Start of Block

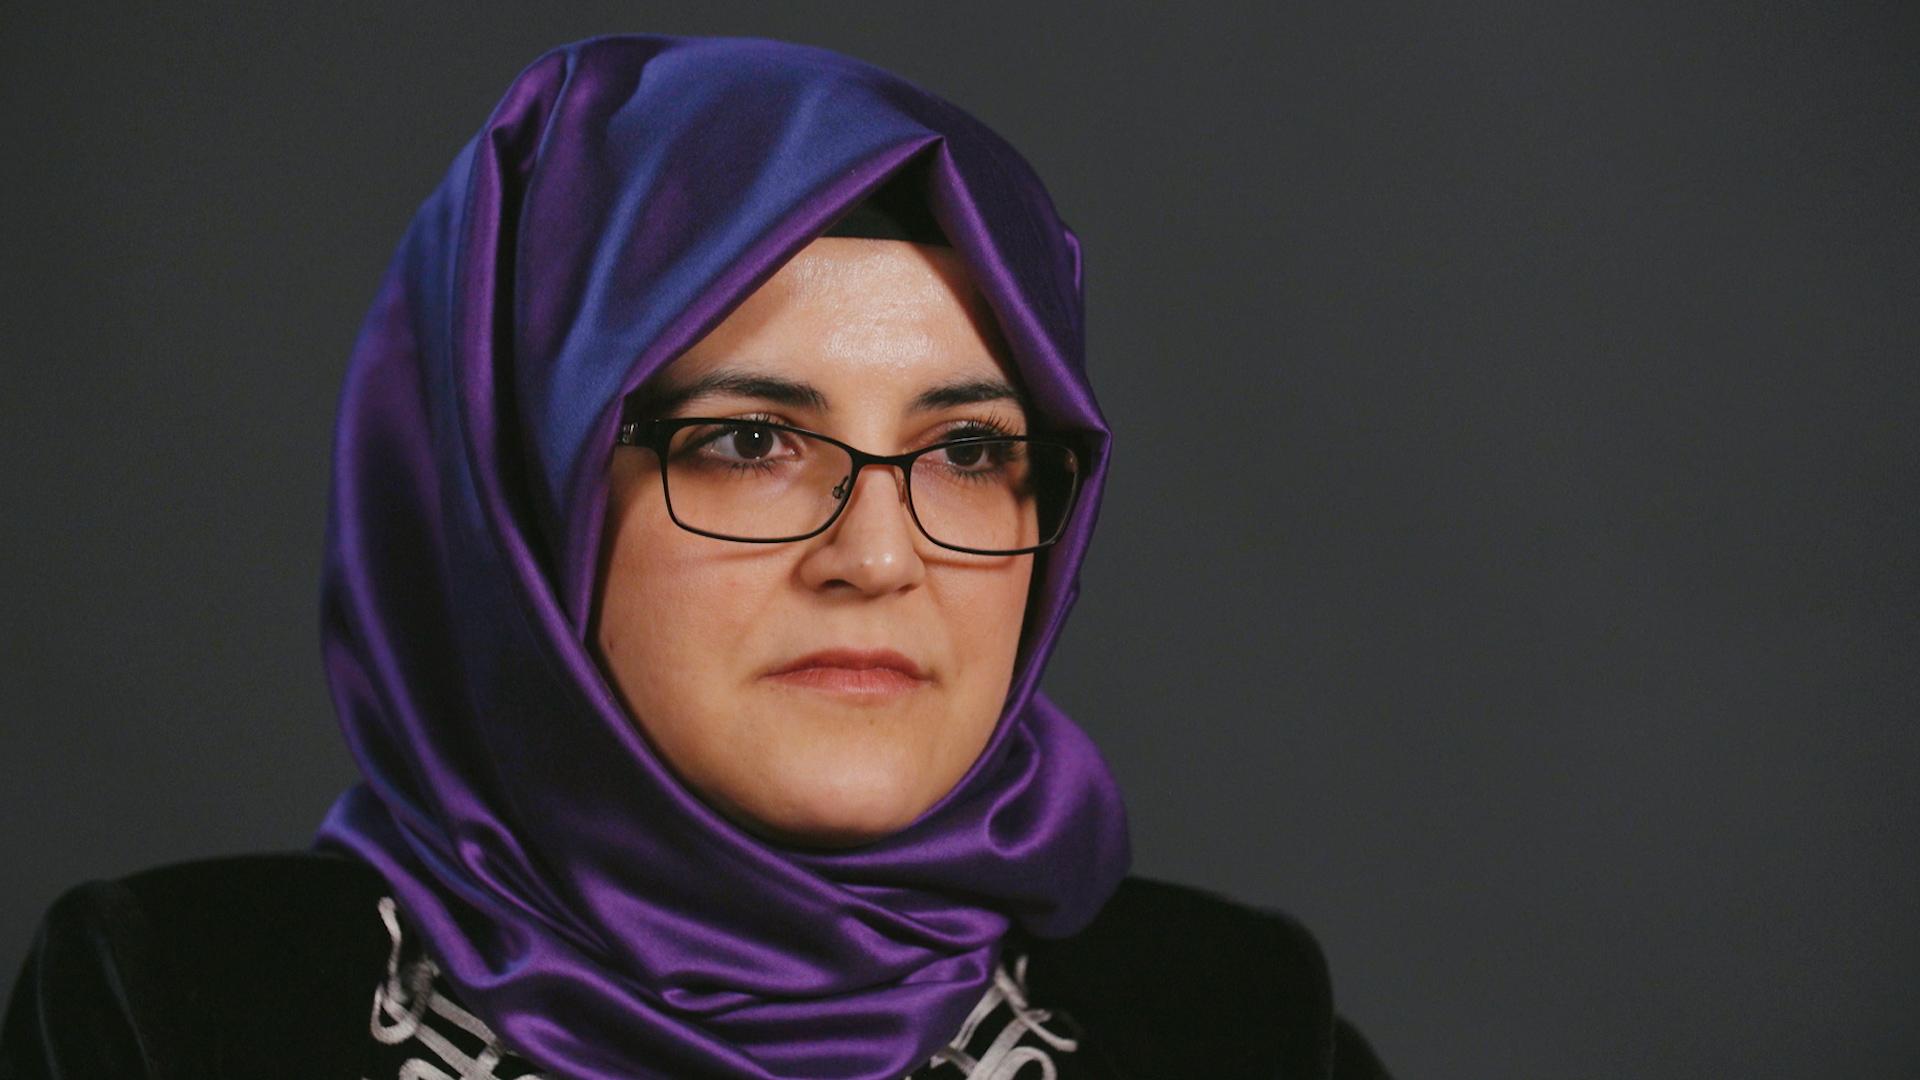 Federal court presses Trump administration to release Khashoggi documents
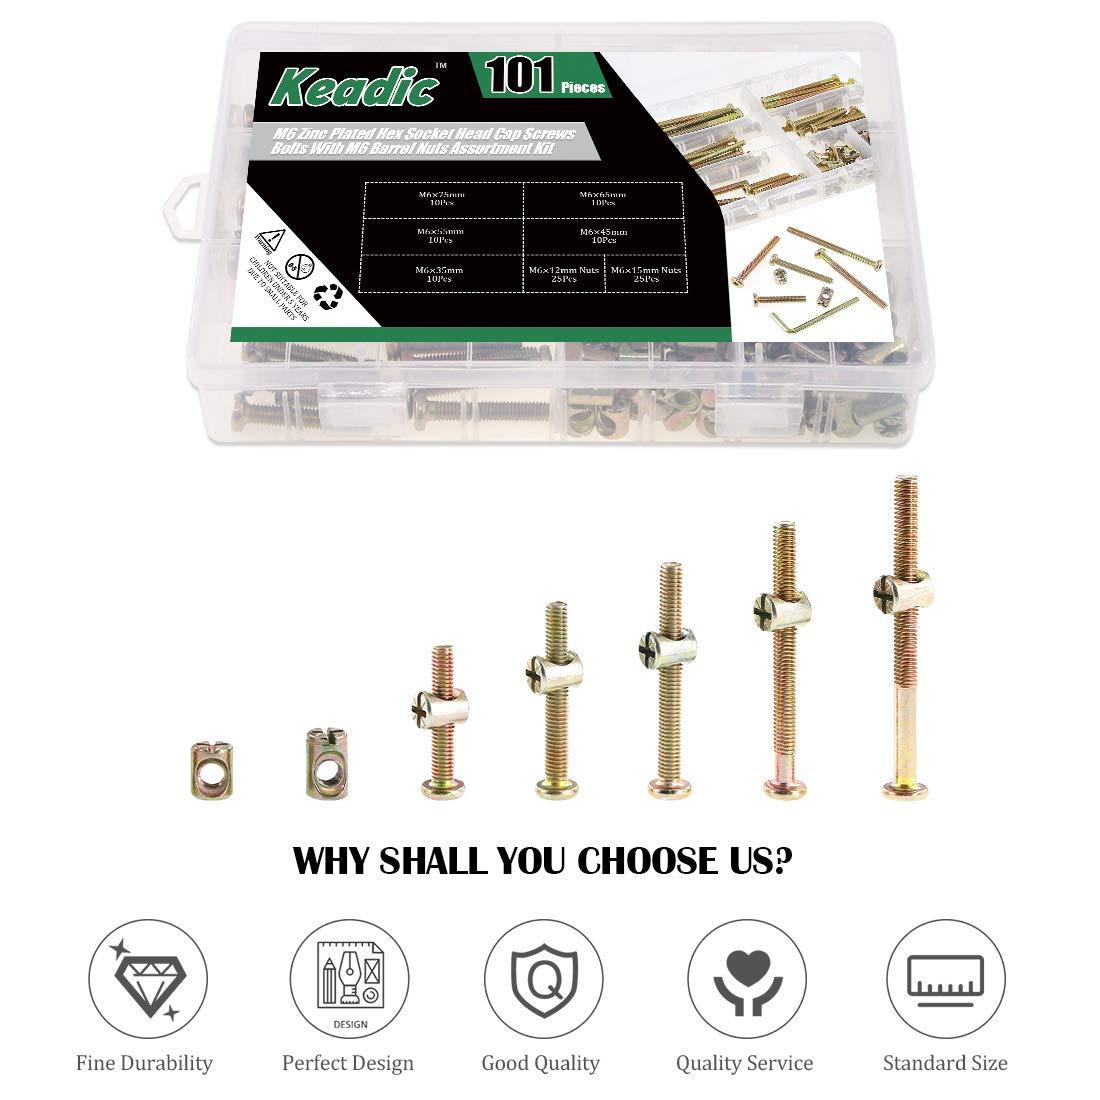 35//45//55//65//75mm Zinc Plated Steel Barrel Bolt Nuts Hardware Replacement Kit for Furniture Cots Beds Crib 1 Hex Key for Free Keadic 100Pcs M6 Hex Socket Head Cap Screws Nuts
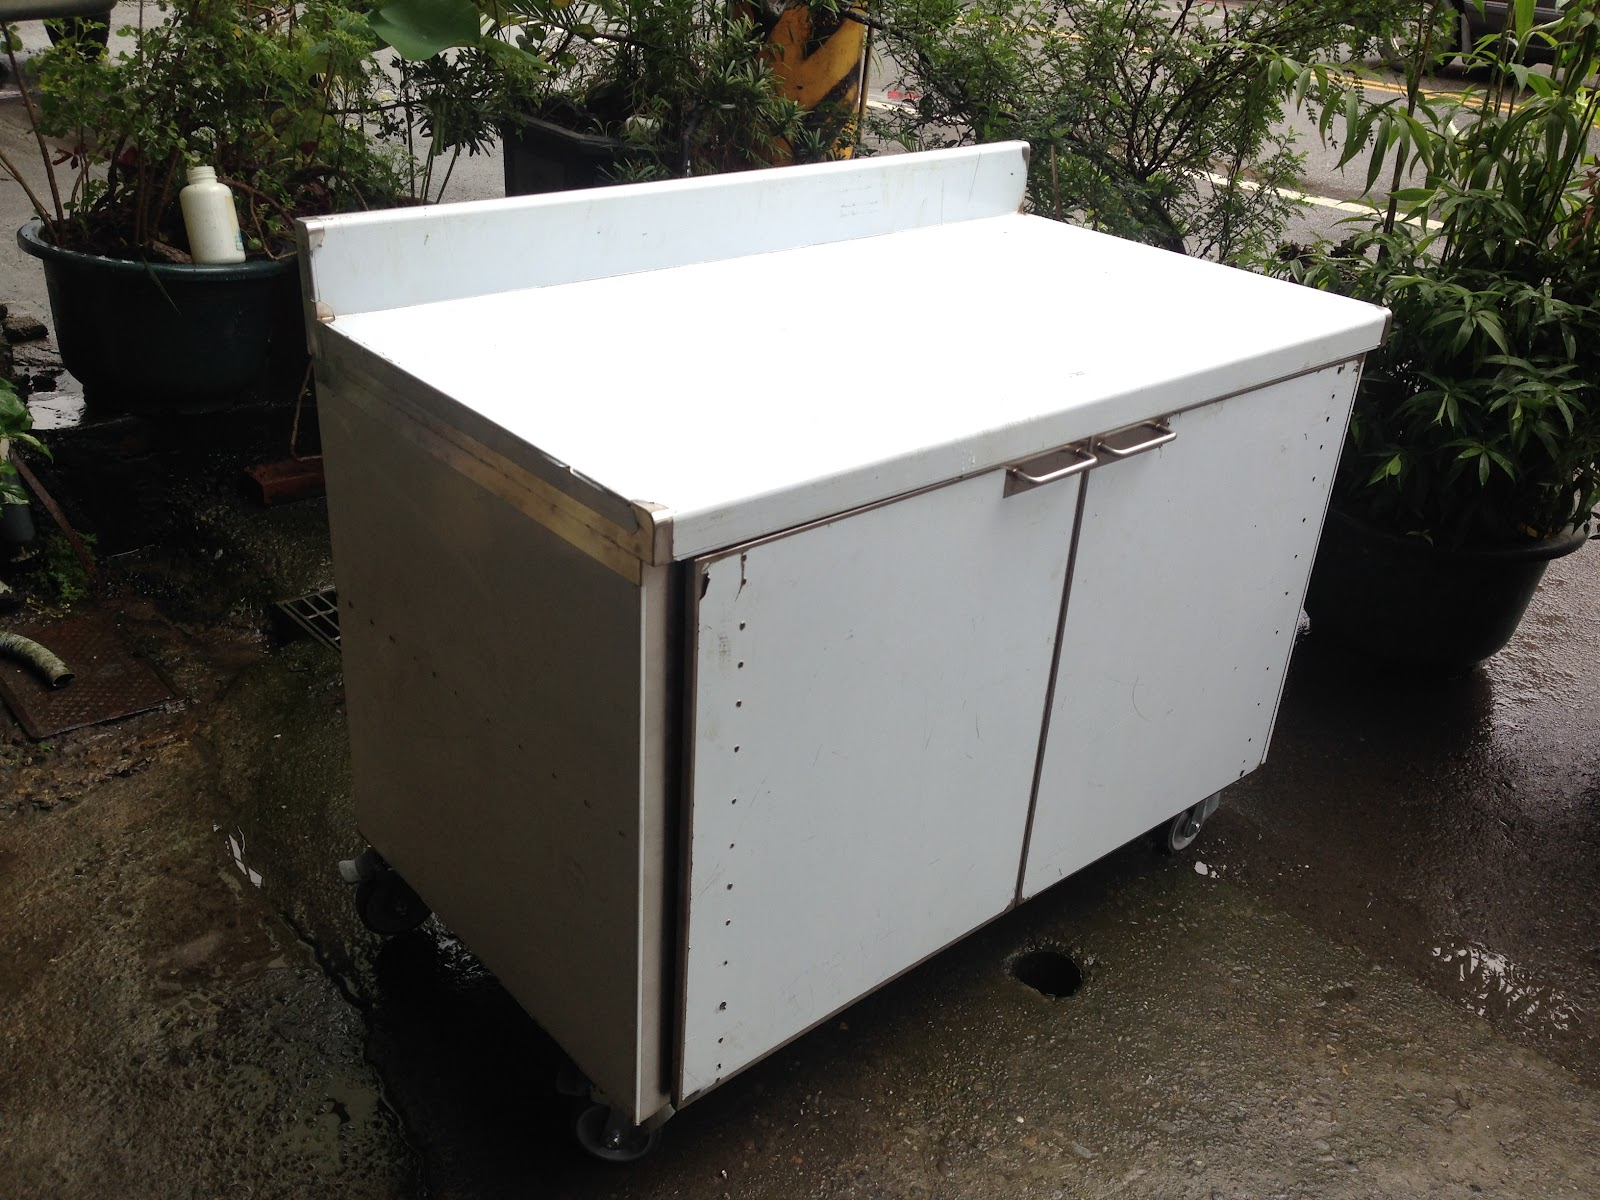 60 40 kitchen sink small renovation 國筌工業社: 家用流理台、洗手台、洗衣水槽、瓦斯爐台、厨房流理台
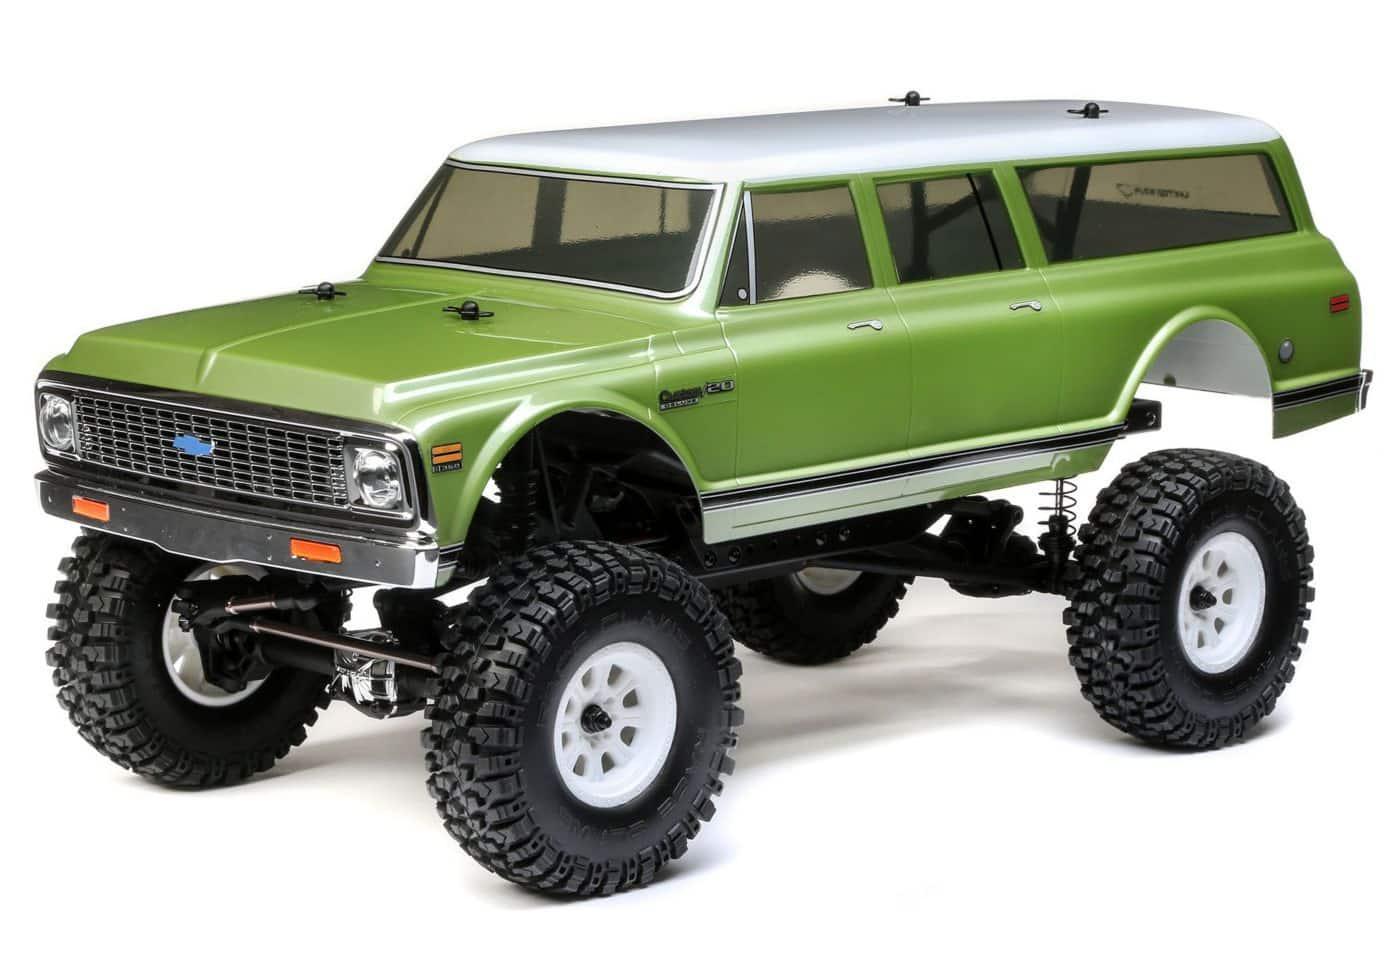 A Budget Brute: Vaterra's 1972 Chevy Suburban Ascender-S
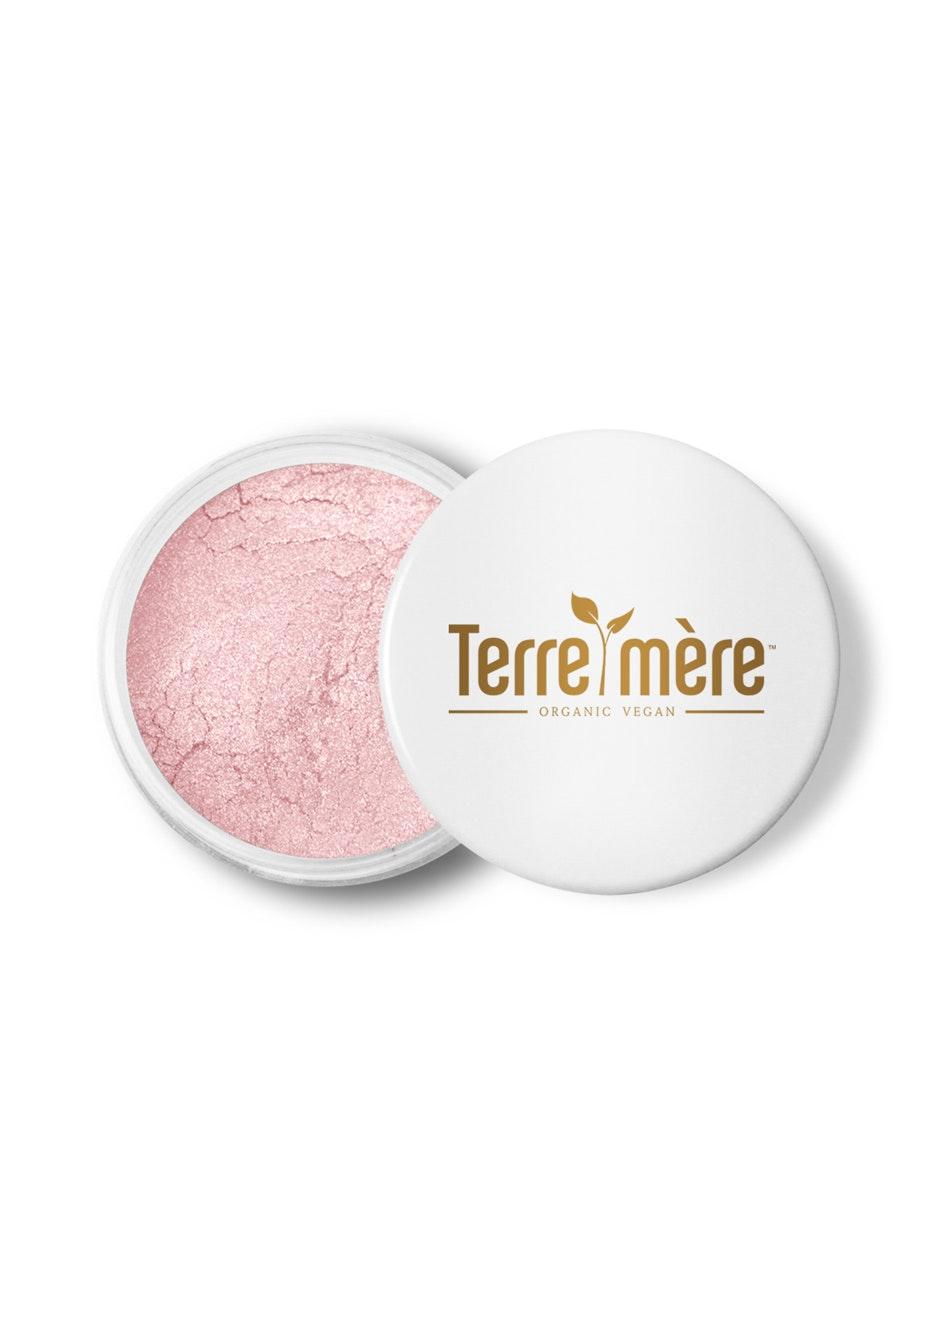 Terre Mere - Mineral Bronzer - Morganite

End of Block

PROBLEM DESCRIPTION :: Print every entry word for word; omit the pictures.

SOLUTION ::
 Federal court presses Trump administration to release Khashoggi documents
 35//45//55//65//75mm Zinc Plated Steel Barrel Bolt Nuts Hardware Replacement Kit for Furniture Cots Beds Crib 1 Hex Key for Free Keadic 100Pcs M6 Hex Socket Head Cap Screws Nuts
 60 40 kitchen sink small renovation 國筌工業社: 家用流理台、洗手台、洗衣水槽、瓦斯爐台、厨房流理台
 A Budget Brute: Vaterra's 1972 Chevy Suburban Ascender-S
 Terre Mere - Mineral Bronzer - Morganite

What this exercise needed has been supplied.